$A$ cord of negligible mass is wound round the rim of a flywheel of mass $20 \; kg$ and radius $20 \; cm$. $A$ steady pull of $25 \; N$ is applied on the cord as shown in the figure. The flywheel is mounted on a horizontal axle with frictionless bearings.
$(a)$ Compute the angular acceleration of the wheel.
$(b)$ Find the work done by the pull,when $2 \; m$ of the cord is unwound.
$(c)$ Find also the kinetic energy of the wheel at this point.
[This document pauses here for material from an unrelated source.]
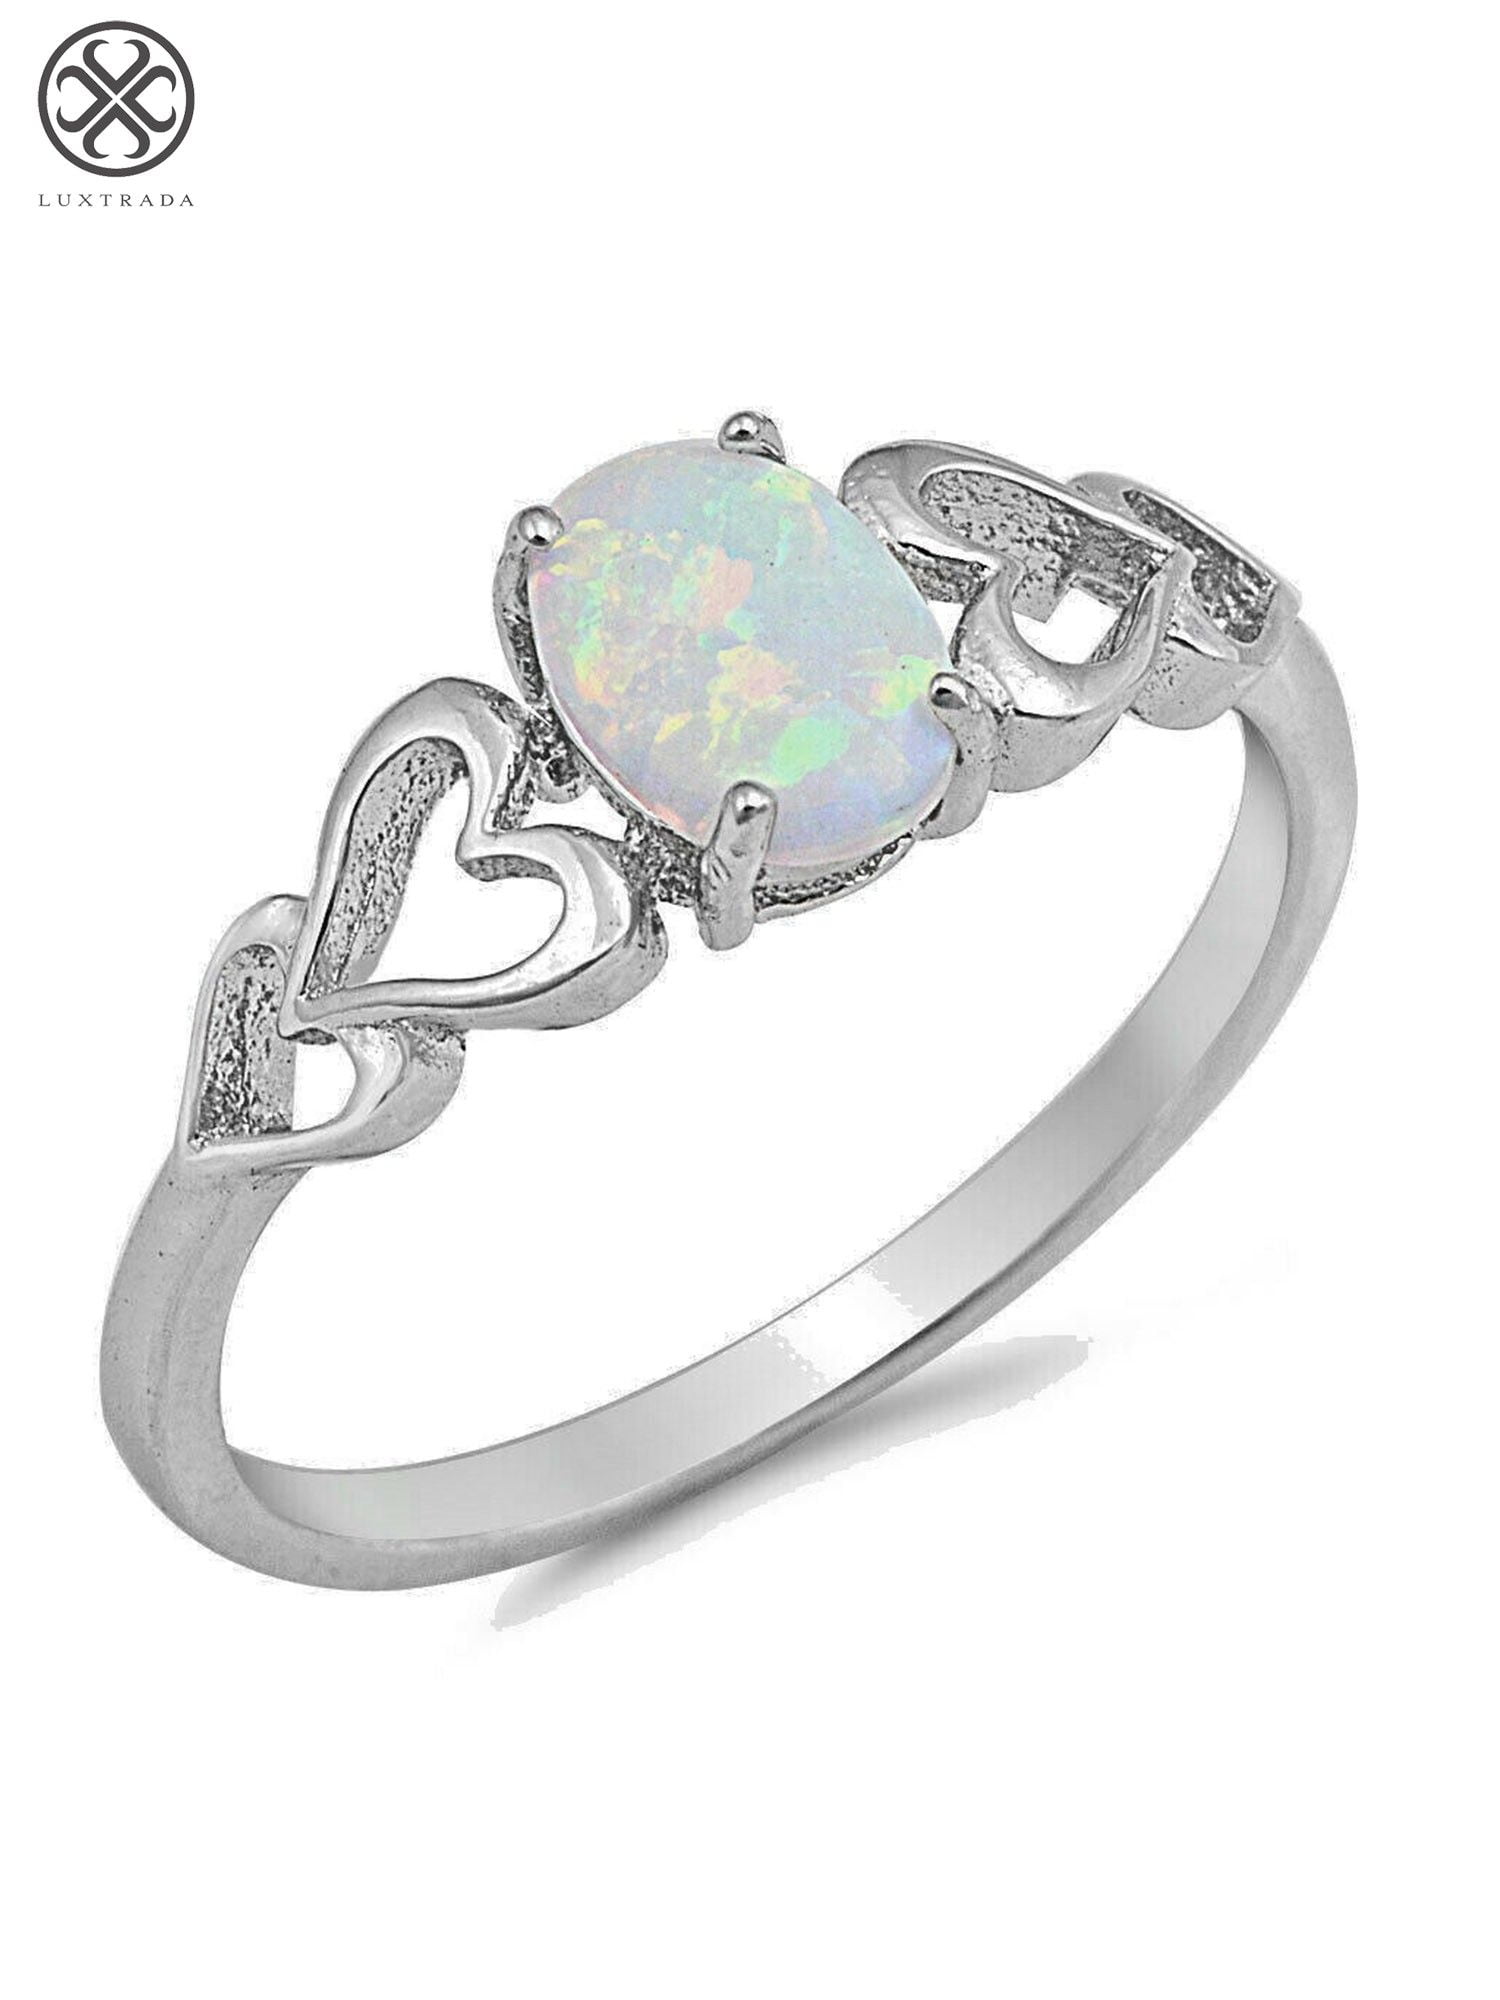 Triple Blue White Pink Lab Opal Ring New .925 Sterling Silver Band Sizes 4-10 
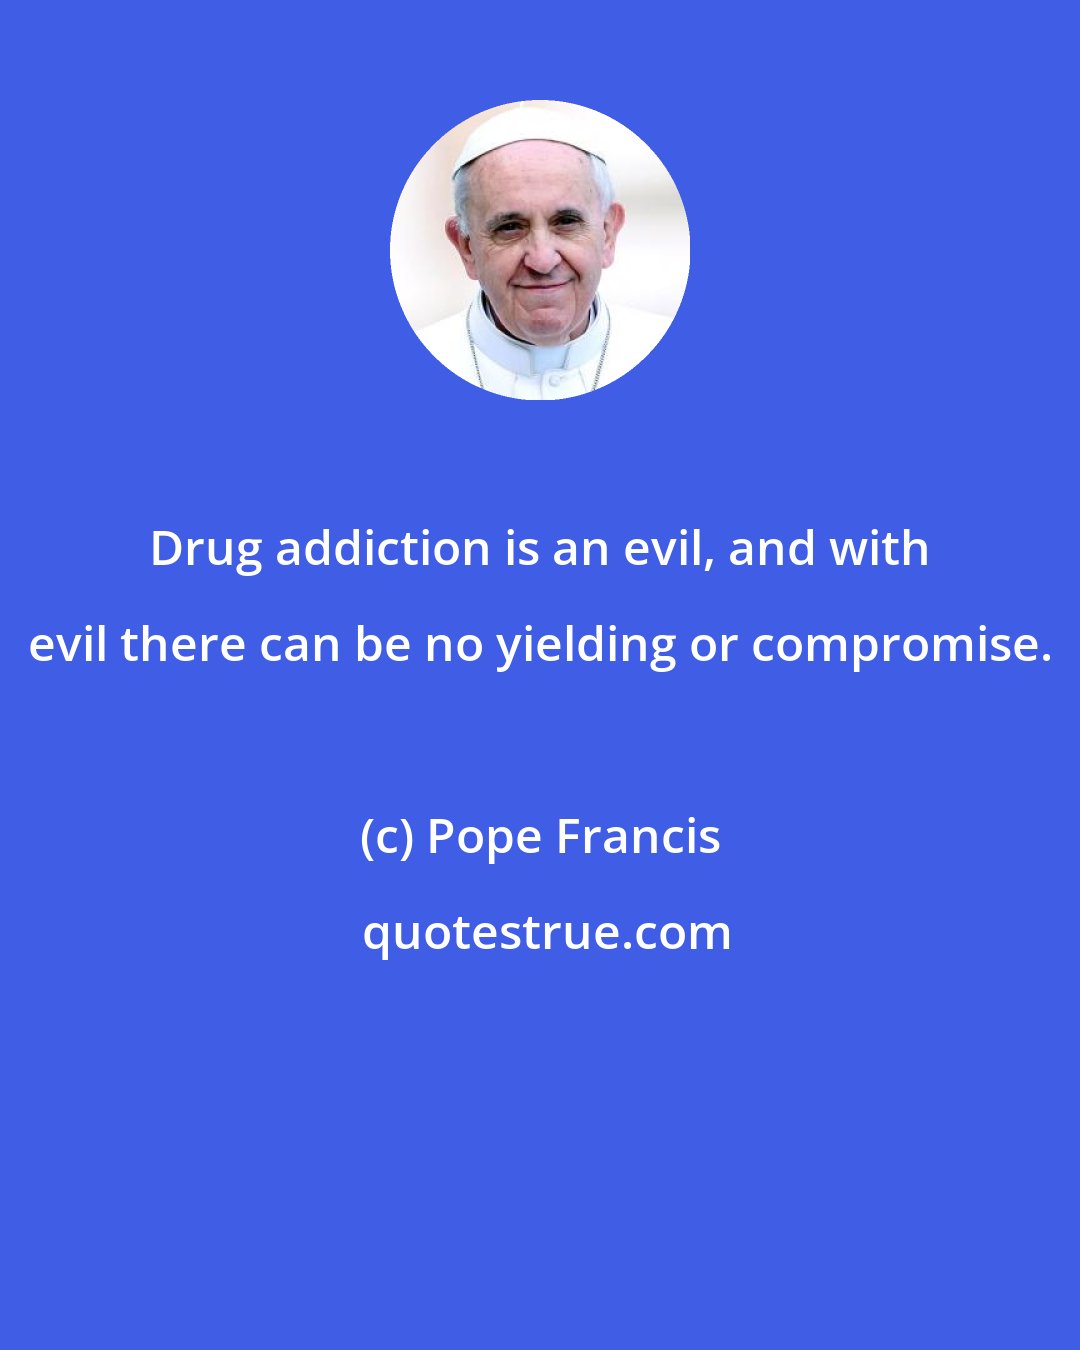 Pope Francis: Drug addiction is an evil, and with evil there can be no yielding or compromise.

Assume that the wheel starts from rest.
$(d)$ Compare answers to parts $(b)$ and $(c)$.

(N/A) We use $I \alpha = \tau$.
The torque $\tau = F R = 25 \times 0.20 \; Nm = 5.0 \; Nm$ (as $R = 0.20 \; m$).
$I$ (Moment of inertia of flywheel about its axis) $= \frac{M R^2}{2} = \frac{20.0 \times (0.2)^2}{2} = 0.4 \; kg \cdot m^2$.
$\alpha$ (angular acceleration) $= \frac{\tau}{I} = \frac{5.0 \; Nm}{0.4 \; kg \cdot m^2} = 12.5 \; rad/s^2$.
$(b)$ Work done by the pull unwinding $2 \; m$ of the cord $= F \times d = 25 \; N \times 2 \; m = 50 \; J$.
$(c)$ Let $\omega$ be the final angular velocity. The kinetic energy gained $= \frac{1}{2} I \omega^2$.
Since the wheel starts from rest,$\omega^2 = \omega_0^2 + 2 \alpha \theta$,where $\omega_0 = 0$.
The angular displacement $\theta = \frac{\text{length of unwound string}}{R} = \frac{2 \; m}{0.2 \; m} = 10 \; rad$.
$\omega^2 = 2 \times 12.5 \times 10.0 = 250 \; (rad/s)^2$.
$\text{K.E. gained} = \frac{1}{2} \times 0.4 \times 250 = 50 \; J$.
$(d)$ The answers are the same,i.e.,the kinetic energy gained by the wheel equals the work done by the force. There is no loss of energy due to friction.